■ Raw data:
--- START ---
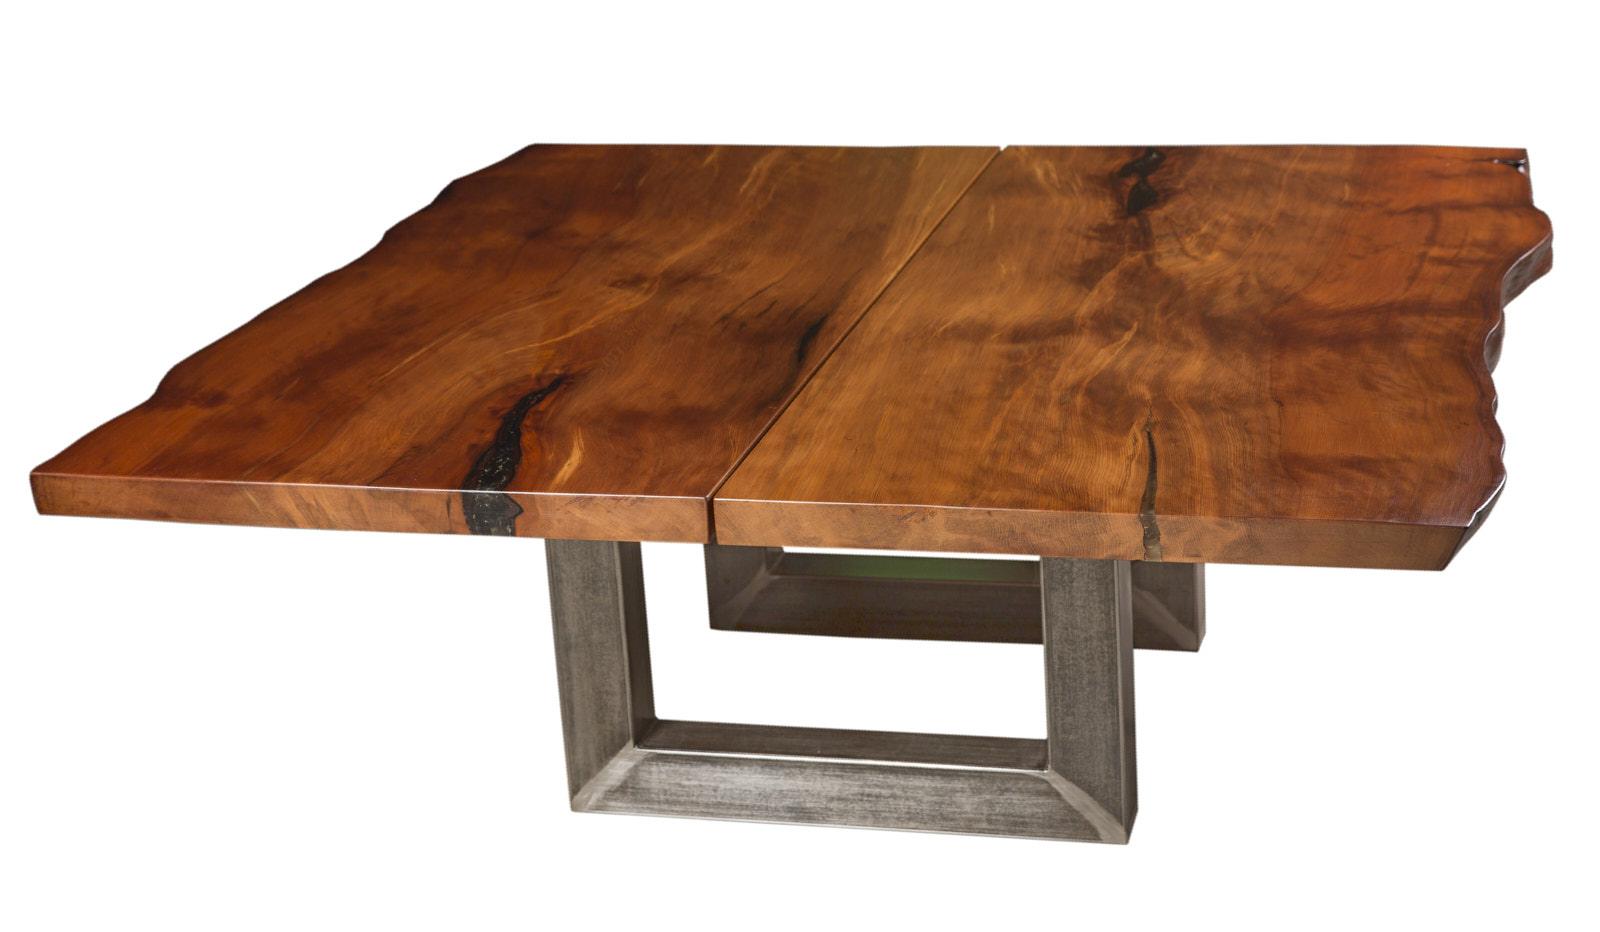 Konferenztisch aus großem Kauri Baumstamm mit Naturholz Tischplatte
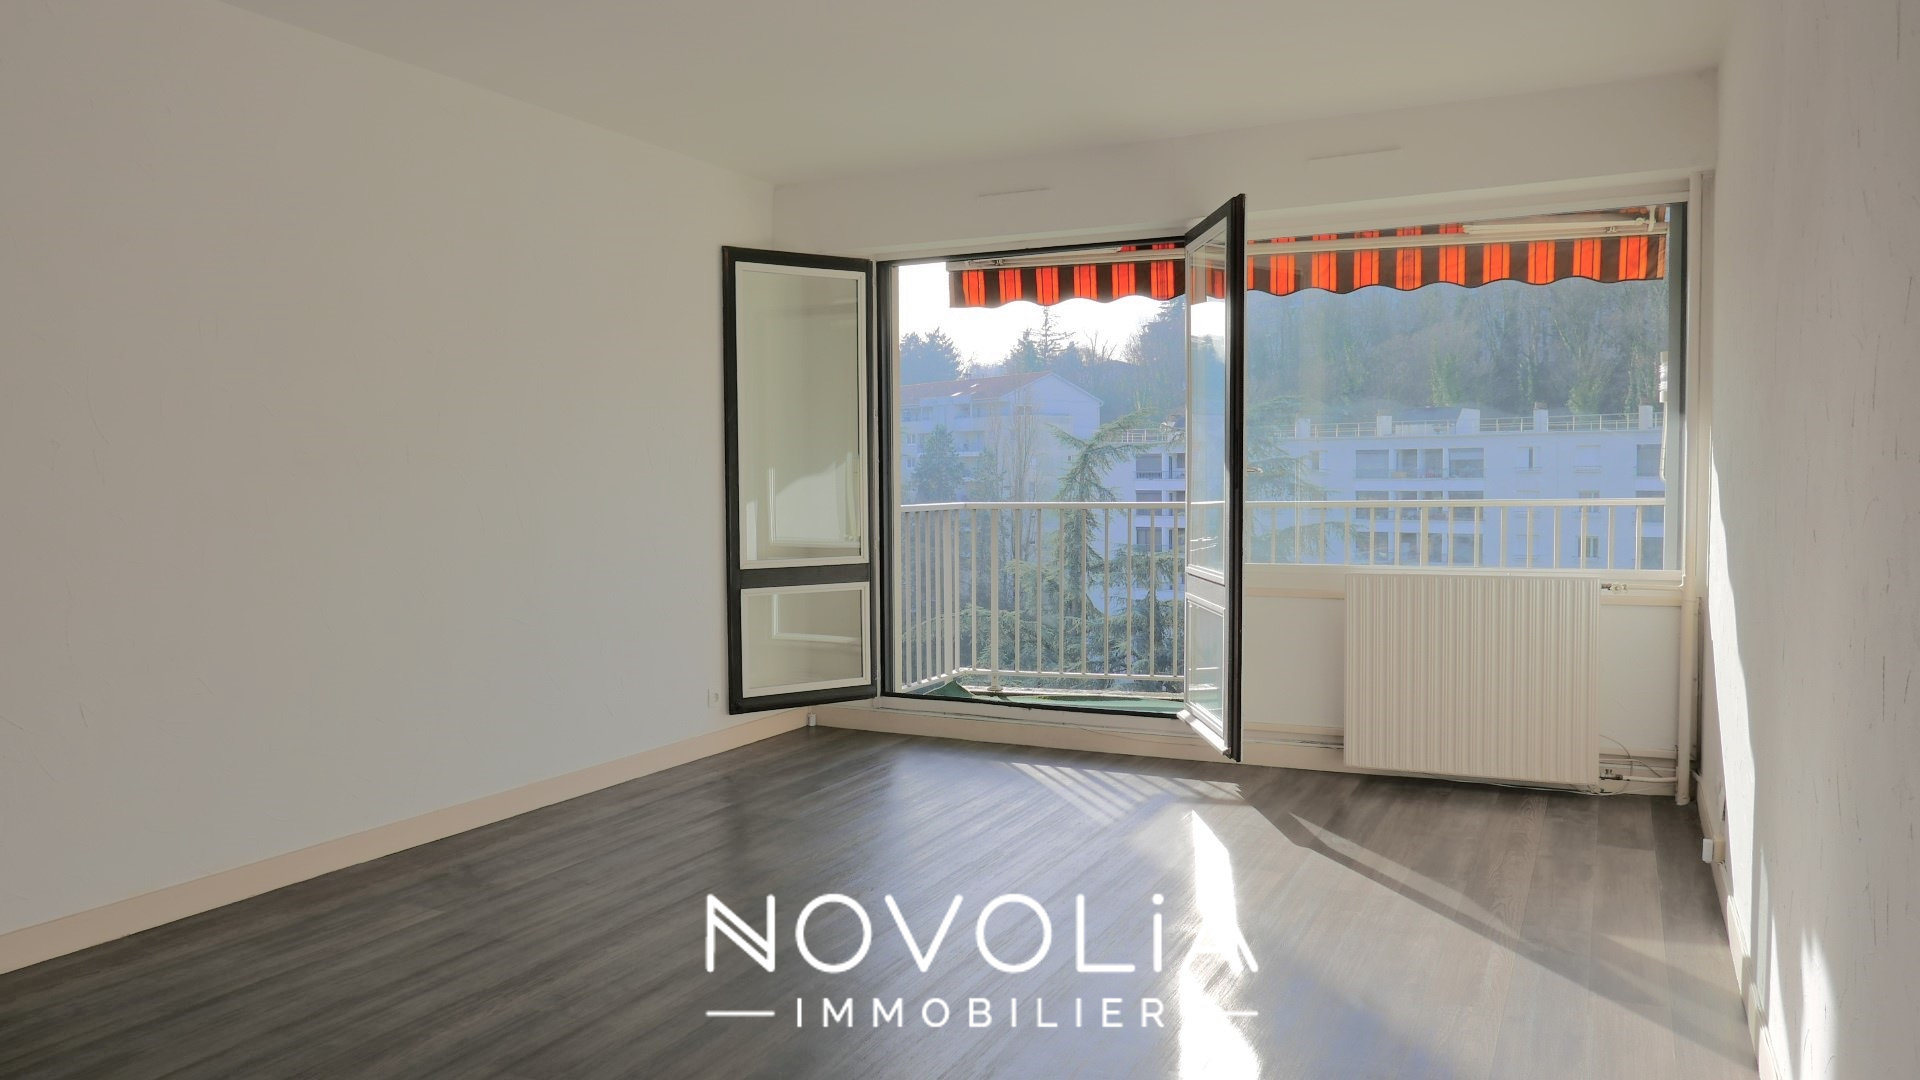 Achat Appartement Surface de 58.4 m²/ Total carrez : 53 m², 2 pièces, Lyon 9ème (69009)
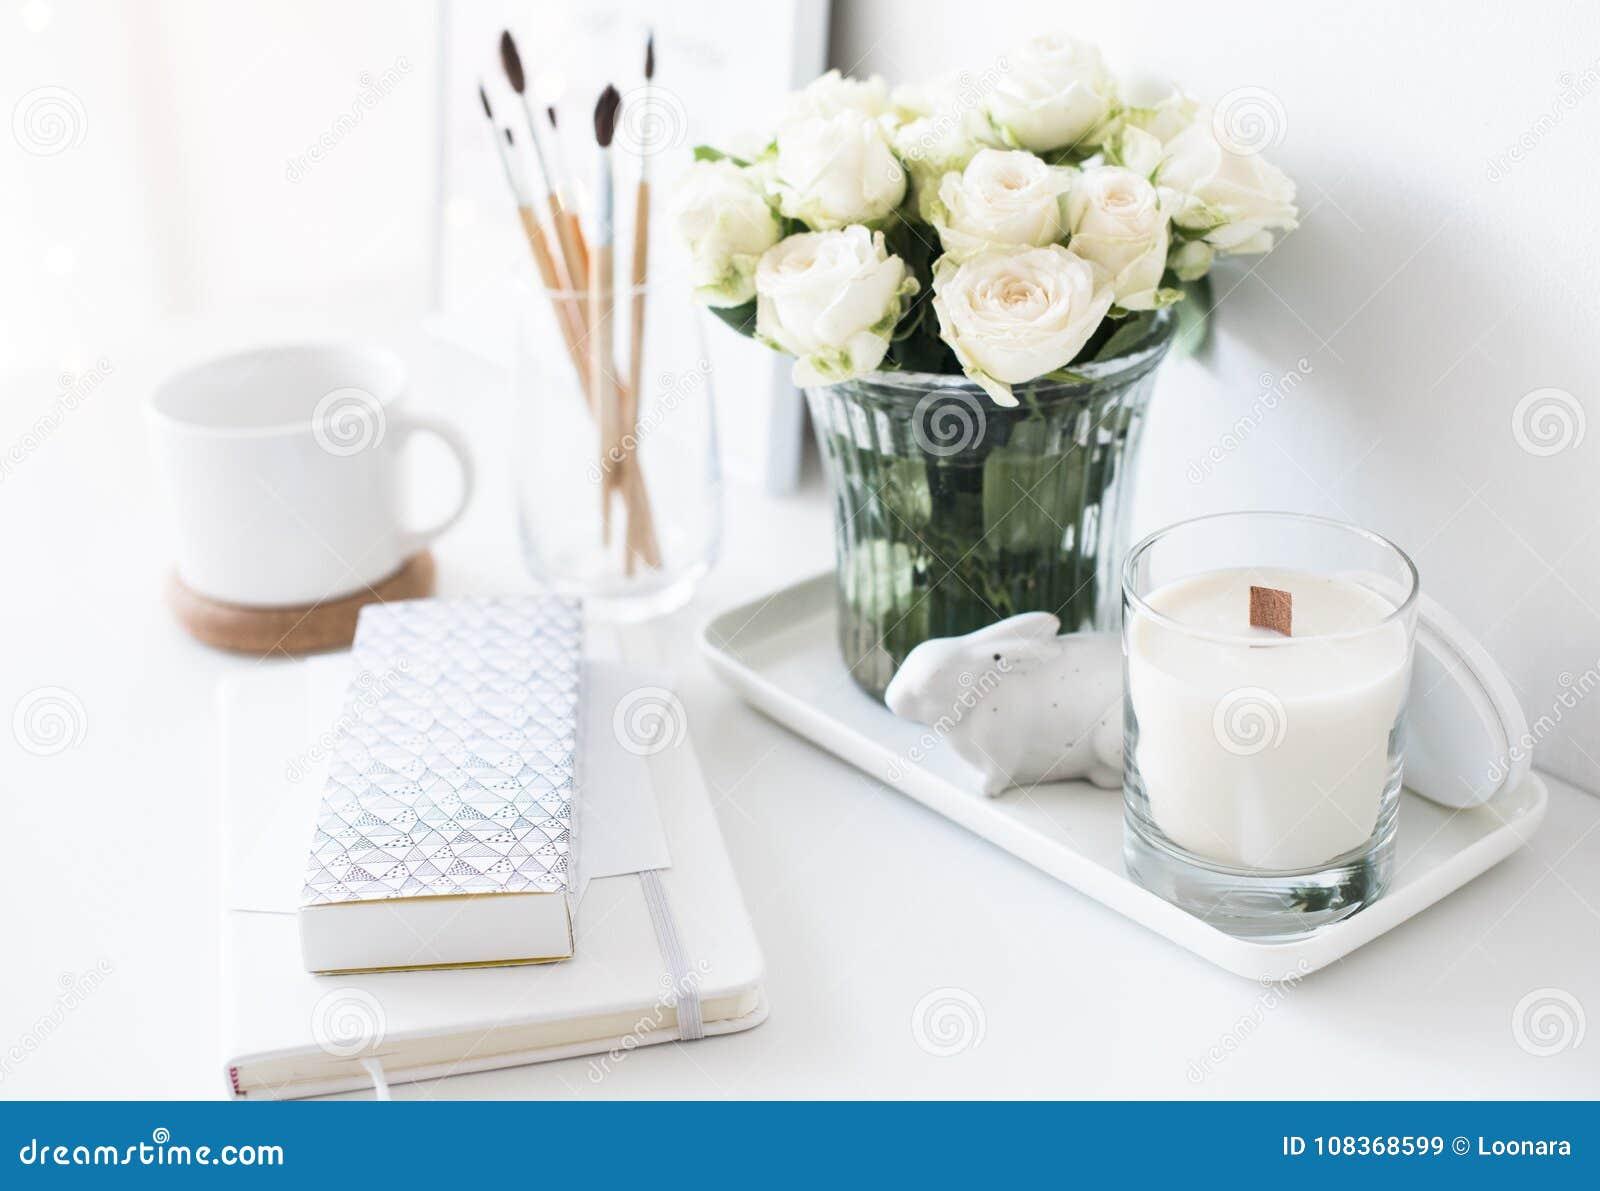 Άσπρο εσωτερικό ντεκόρ με το νέες χειροποίητες κερί και την ανθοδέσμη FR
--- END ---
■ What the task asks:
What you return should be the exact lines from the one containing "Achat Appartement Surface" through the end of the listing above, both included, minus any pictures.

■ Output of the task:
 Achat Appartement Surface de 58.4 m²/ Total carrez : 53 m², 2 pièces, Lyon 9ème (69009)
 Άσπρο εσωτερικό ντεκόρ με το νέες χειροποίητες κερί και την ανθοδέσμη FR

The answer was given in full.